Et j’es­père que nous en ver­rons pro­chai­ne­ment des consé­quences concrètes comme nous com­men­çons déjà à le voir à Gre­noble, à Lyon ou sur le pla­teau de Saclay.

Notre 3e défi, c’est de pré­ser­ver et de faire fruc­ti­fier le « capi­tal humain »
Ces cin­quante der­nières années, nous avons rele­vé le défi de l’ac­cès libre au savoir pour tous, aidés par la plus grande période de paix et de pros­pé­ri­té que l’Eu­rope ait connue au cours des deux der­niers siècles. En France, la popu­la­tion estu­dian­tine for­mée a ain­si été mul­ti­pliée par huit durant cette période, celle des ingé­nieurs a éga­le­ment crû dans des pro­por­tions simi­laires… et nos uni­ver­si­tés mul­ti­sé­cu­laires ont su rele­ver cette gageure.

Aujourd’­hui, nous ne vou­lons pas que nos uni­ver­si­tés et nos écoles pro­duisent des esprits stan­dar­di­sés, mais bien qu’elles forment des indi­vi­dus créa­tifs, inven­tifs et s’é­pa­nouis­sant dans leur acti­vi­té pro­fes­sion­nelle, quelle qu’elle soit.
L’ob­jec­tif fon­da­men­tal que nous devons atteindre est celui de garan­tir une éga­li­té d’ac­cès au savoir, tout en évi­tant son uni­for­mi­sa­tion. Ce qui néces­site d’in­ven­ter les régu­la­tions ad hoc, de la même manière qu’au XXe siècle, nous avons conçu les régu­la­tions du tra­vail per­met­tant d’y accé­der, de le pré­ser­ver et de pro­té­ger les plus faibles contre les abus. Ces réponses sont à inven­ter, non seule­ment par les écoles et les uni­ver­si­tés, mais aus­si par l’É­tat et la socié­té civile.

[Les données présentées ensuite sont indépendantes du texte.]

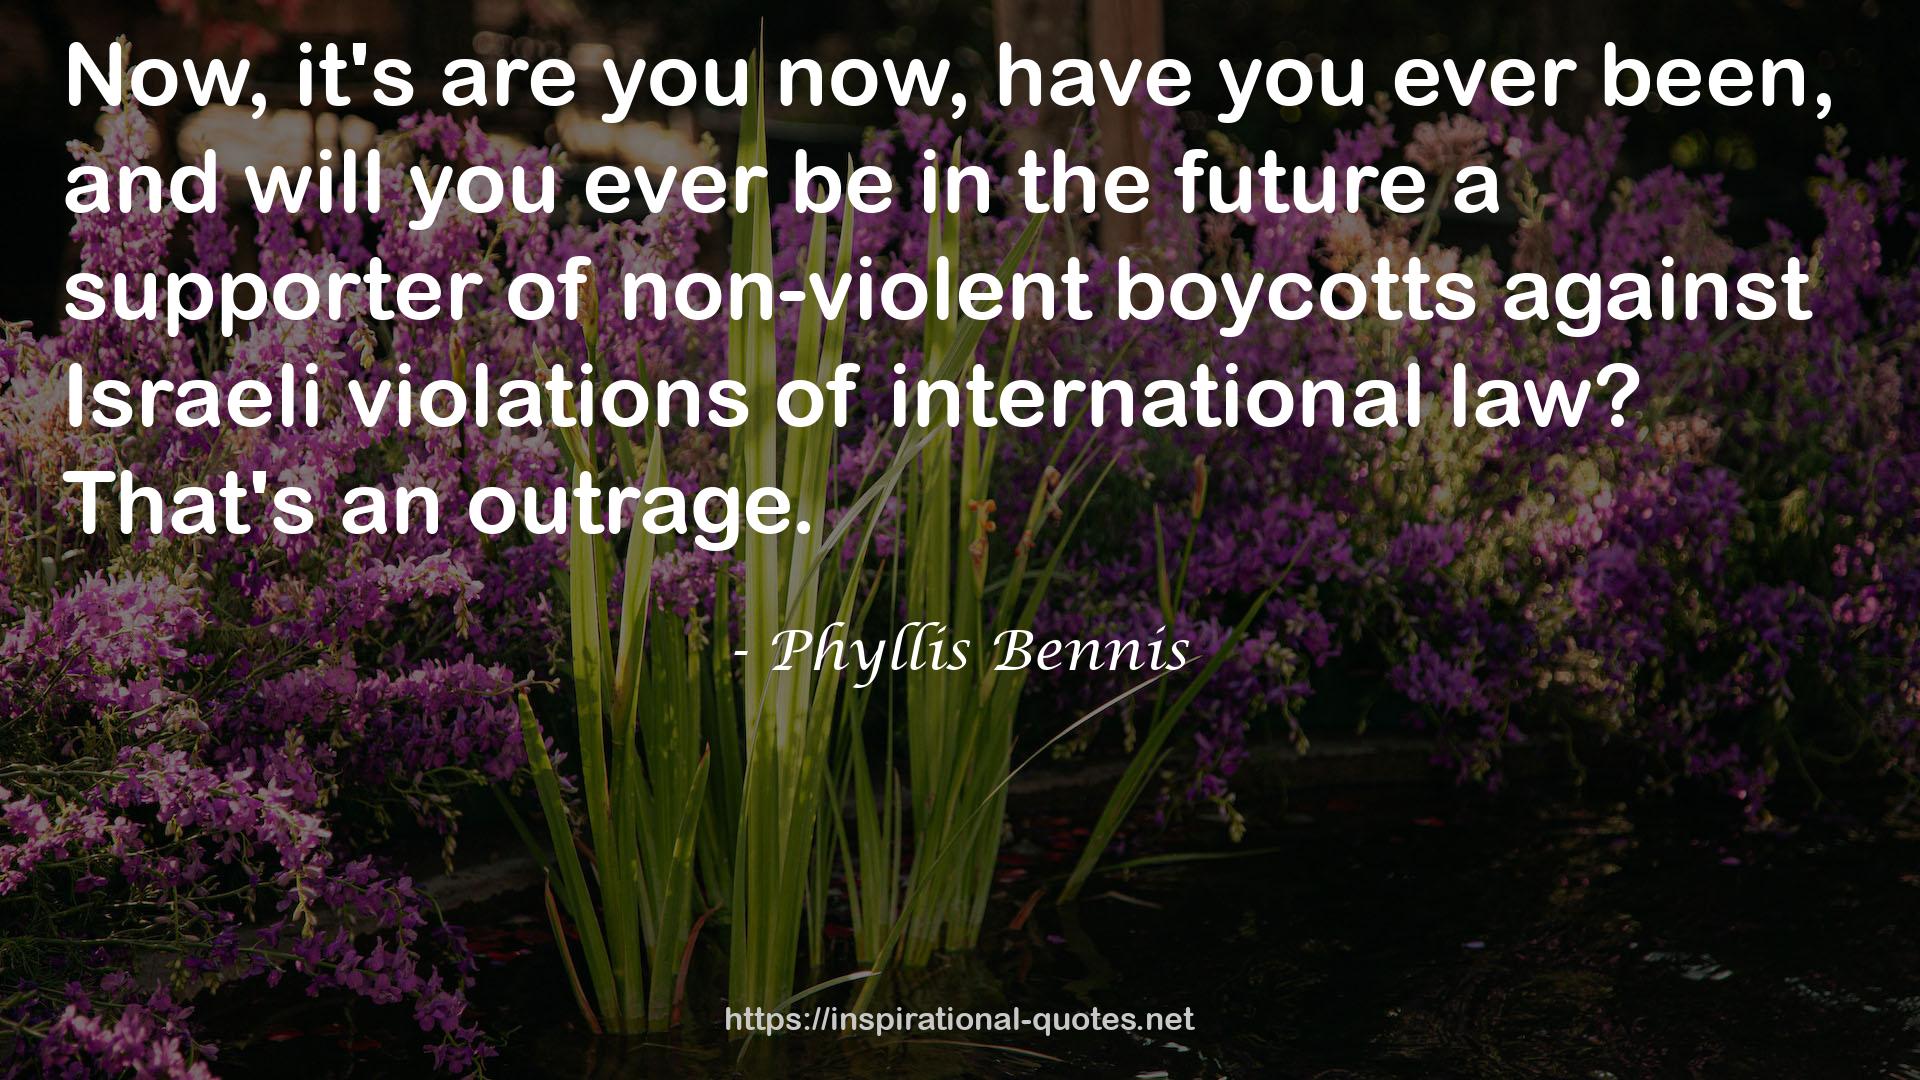 Phyllis Bennis QUOTES

Il y a, en par­ti­cu­lier, un champ qui néces­site un renou­veau com­plet des approches, celui de la for­ma­tion tout au long de la vie. S’a­dap­ter aux nou­veau­tés, pro­gres­ser dans ses connais­sances sont désor­mais les clés pour que cha­cun, quelle que soit son acti­vi­té, puisse s’é­pa­nouir dans cette socié­té de la connais­sance qui se dessine.
C’est indis­pen­sable pour évi­ter les frac­tures dans un monde qui bouge de plus en plus vite, où les pro­duits qui feront notre quo­ti­dien dans cinq ans n’existent même pas à l’é­tat d’i­dée aujourd’hui !

Pour conclure, je veux sou­li­gner que les défis aux­quels nous fai­sons face sont immenses, et exaltants.
La mon­dia­li­sa­tion du savoir pré­sente bien enten­du des risques, mais nous offre sur­tout d’im­menses opportunités.

J’ai confiance dans la capa­ci­té et l’in­tel­li­gence de la France de les saisir.